Over-expression of Klhl13 and Dusp9 in male mESCs leads to an enhanced pluripotency state and slower differentiation kinetics. a Schematic representation of the dCas9-SunTag system used for gene activation. b–e To over-express Dusp9 (yellow) and Klhl13 (blue), male E14 mESCs, stably expressing the doxycycline-inducible SunTag system, were either transduced with one of two different sgRNAs targeting the respective promoter regions or with non-targeting control (NT) sgRNAs and were treated for 3 days with 1 μg/ml doxycycline as indicated. Protein levels of Dusp9 (left) and Klhl13 (right) were quantified via immunoblotting (b), expression levels of MAPK target genes Spry4 and Egr1 (c) and of naive pluripotency factors Nanog and Prdm14 (e) were assessed by qPCR and phosphorylation of Mek and Erk was quantified by immunoblotting (d). The immunoblot signals were normalized to Tubulin (b) or to total Mek/Erk (d) and to the mean of two doxycycline-treated non-targeting control sgRNAs. qPCR measurements were normalized to two housekee** genes and to the respective untreated control (−Dox). Dots and triangles depict individual measurements of the two different sgRNAs, and thick bars show the mean of three biological replicates. f Dusp9- and Klhl13 over-expressing mESCs were treated with 1 μg/ml doxycycline 24 h before differentiation via LIF withdrawal for 4 days, and expression levels of pluripotency factors were measured by qPCR at different time points as indicated. Mean and standard deviation across 3 biological replicates is shown. g Global CpG methylation levels in cell lines over-expressing Dusp9 and Klhl13 via doxycycline treatment for 3 passages were assessed via pyrosequencing-based luminometric DNA methylation assay (LUMA). *p < 0.05 in a two-tailed paired Student’s t test comparing the Dusp9/Klhl13 over-expressing samples and the non-targeting controls (mean of sgRNA1 and sgRNA2)

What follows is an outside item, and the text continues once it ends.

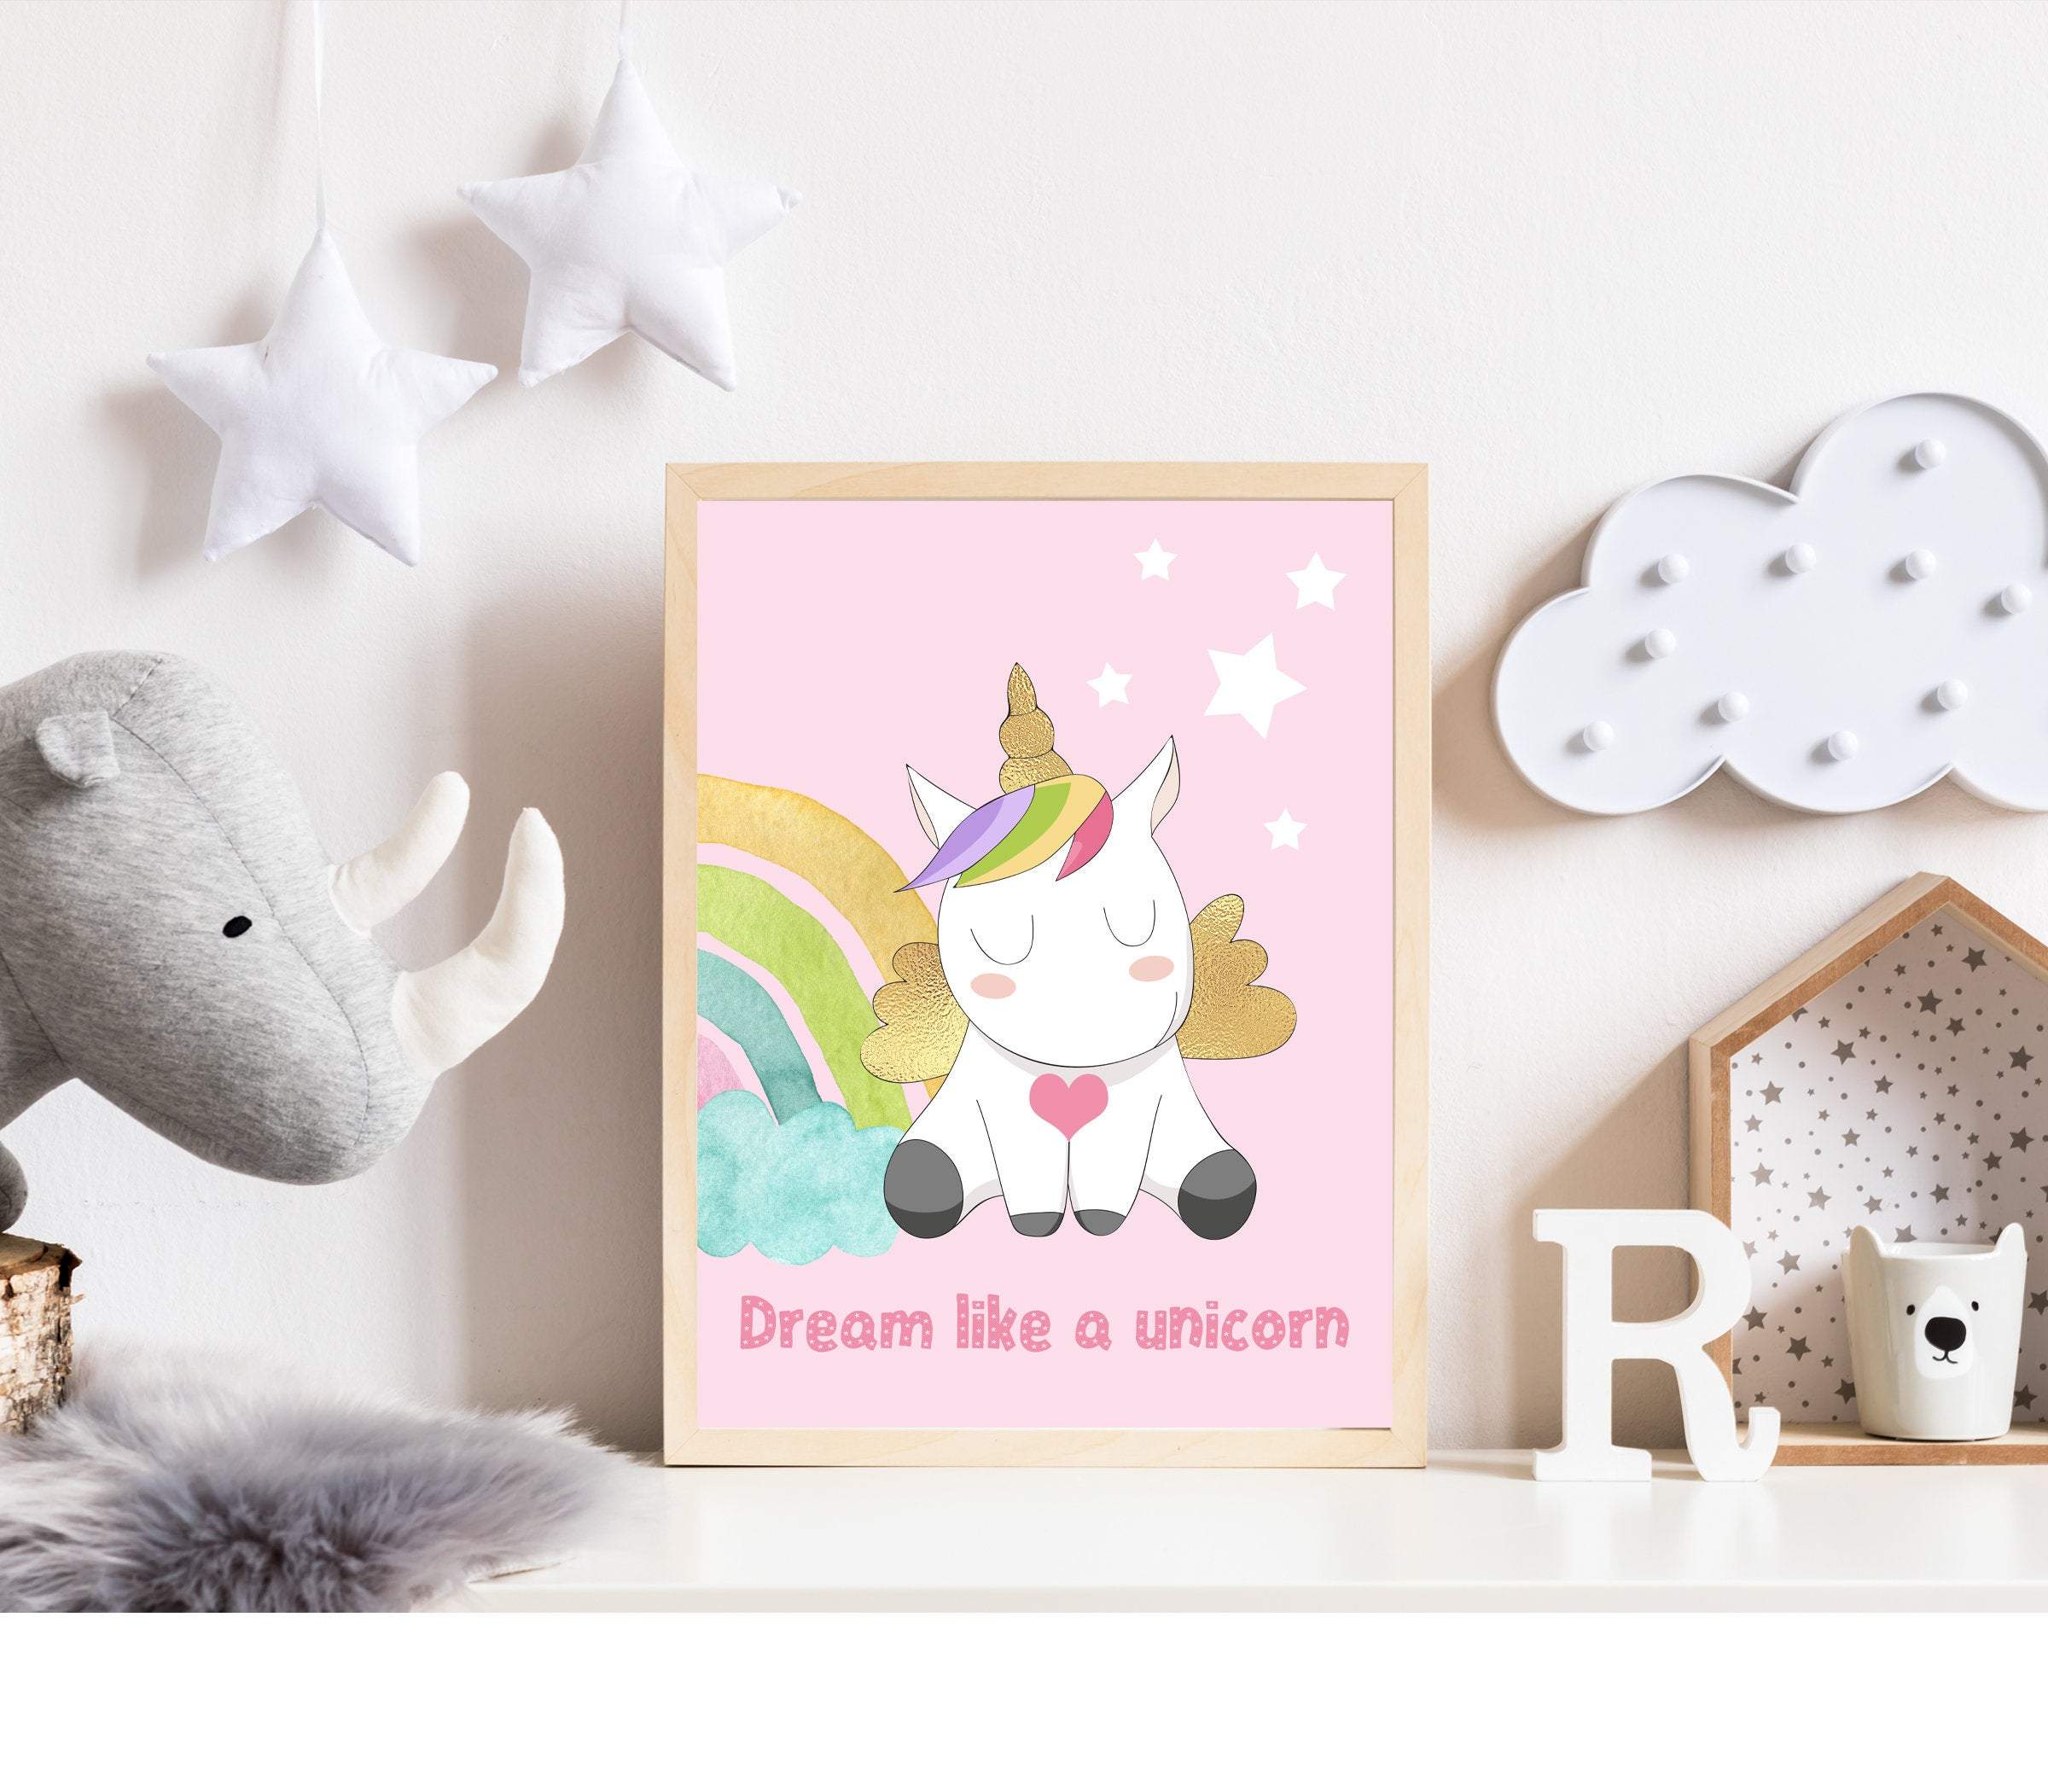 Unicorn art print - Printable unicorn - Unicorn wall art - Pink nursery printables - Nursery wall art - Kids room wall art - Unicorn print nursery art print baby nursery bedroom decor

The SunTag system was recruited to either the Dusp9 or Klhl13 promoters using two different sgRNAs per gene and one sgRNA per cell line, leading to a 4- and 3.3-fold over-expression of Dusp9 protein and to a 2.9- and 2.1-fold induction of Klhl13 protein, respectively (Fig. 3b; Additional file 1: Figure S4A). We then characterized these cell lines with respect to pluripotency factor expression, differentiation dynamics, MAPK pathway activity, and global DNA methylation levels, all of which are affected by X-chromosomal dosage in mESCs. To assess MAPK pathway activity, we measured expression levels of Spry4 and Egr1 [20, 21], two well-known Erk target genes, by qPCR (Fig. 3c). Both MAPK target genes were strongly downregulated upon Dusp9 over-expression (2.7/5.5-fold), as expected for an Erk phosphatase, while their expression was only slightly, albeit mostly not significantly reduced upon Klhl13 over-expression. When assessing phosphorylation levels of MAPK pathway intermediates, we found that Dusp9 over-expression reduced pErk levels 12-fold, again as expected for an Erk phosphatase, but increased pMek 22-fold, most possibly due to reduced negative feedback inhibition (Fig. 3d). Over-expression of Klhl13 by contrast had no significant effect on either Erk or Mek phosphorylation. A previous study had reported the opposite effect of Dusp9 over-expression on Erk phosphorylation, potentially due to the requirement for trypsinization when analyzing feeder-dependent mESC lines, which were used in that study [25] (Additional file 1: Figure S4B). Taken together, these results confirm that Dusp9 is a strong inhibitor of MAPK pathway activity, while Klhl13 might slightly inhibit MAPK target gene expression, but does not affect pathway intermediates, which is in accordance with our screening results (Fig. 2g).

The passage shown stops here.